Demystify said:
My fear is being the guy that they use for attention instead of being the guy they put out to.
This one is
really is easy to fix.
First of all,you need to understand WHY women choose some guys to get involved with sexually,and WHY they choose other guys to use just for attention.
And really whether you realize it or not,
it's the way you approach a girl that helps determine which way she'll lean.
If your approach is weak,then sexually,she won't be interested in you,but that doesn't mean she wants NOTHING to do with you.
You're still a guy. It still makes her feel good that a guy desires her and wants her. She's just not attracted to you.
If you have a car and she's walking,and she knows you like her,she'll use YOUR ATTRACTION FOR HER to benefit HER.

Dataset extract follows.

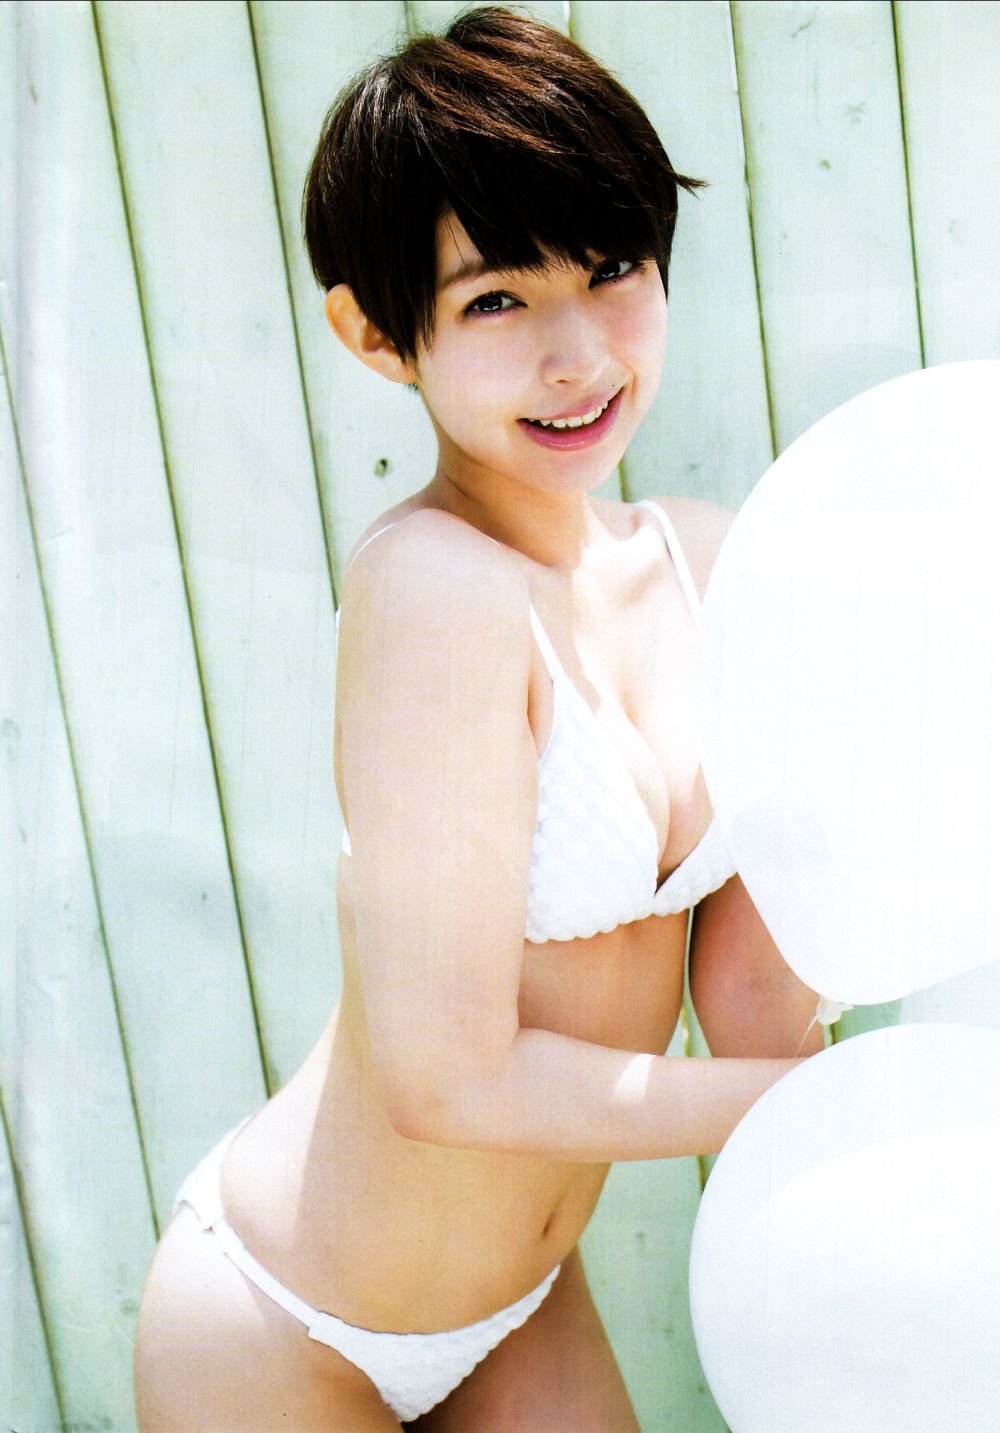 Kyoko Hinami Sexy and Hottest Photos , Latest Pics

To avoid being used,all you have to do is be DIRECT with you're interest.
It's like this...
Attraction is "I" based.
Attention/AW is "you" based.
When you approach a girl,whatever you say to try and gain her interest should be laced with statements that elevate YOURSELF,like,"I want to see you" or "I'm going to such and such place and I want you to come with me" or "If you don't belong to anyone,then I think you should hang with ME".

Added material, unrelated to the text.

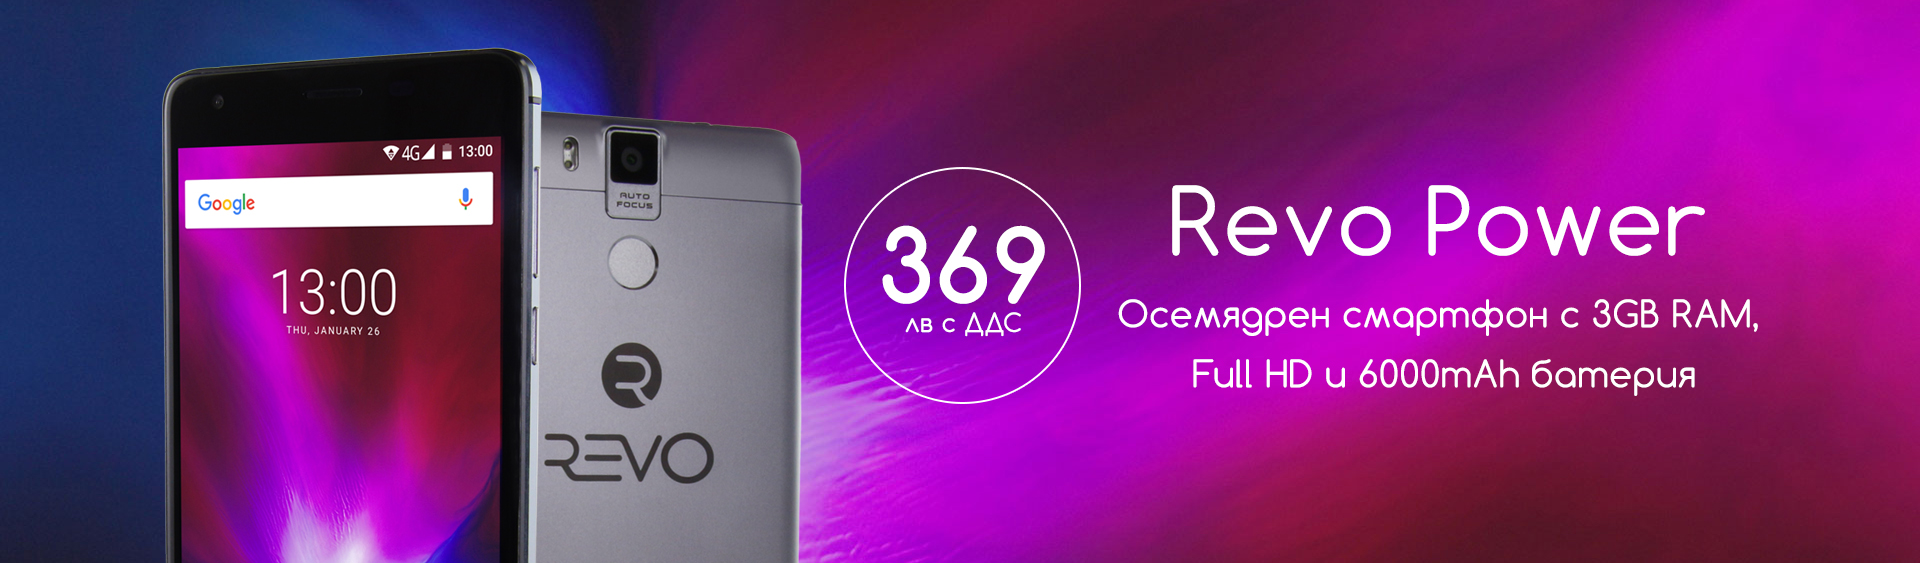 Revo Power 4G Осемядрен смартфон с 3GB RAM, Full HD и голяма батерия

When she sees you thinking highly of yourself,then it'll arouse curiosity,and thus,attraction.
If you do like most guys,saying,"
You're hot",or "Would
you like to go out?' or "Would
you like to do this or that",it puts the focus on her,like you're seeking her approval.
Basically it puts her on a pedistal,like she's a queen,and you're a peasant bowing down before her beauty.
In that scenario,attraction is killed,but hey,attention is attention.
So she'll take it.
All you have to do is approach her right,then you won't have to worry being used solely for attention.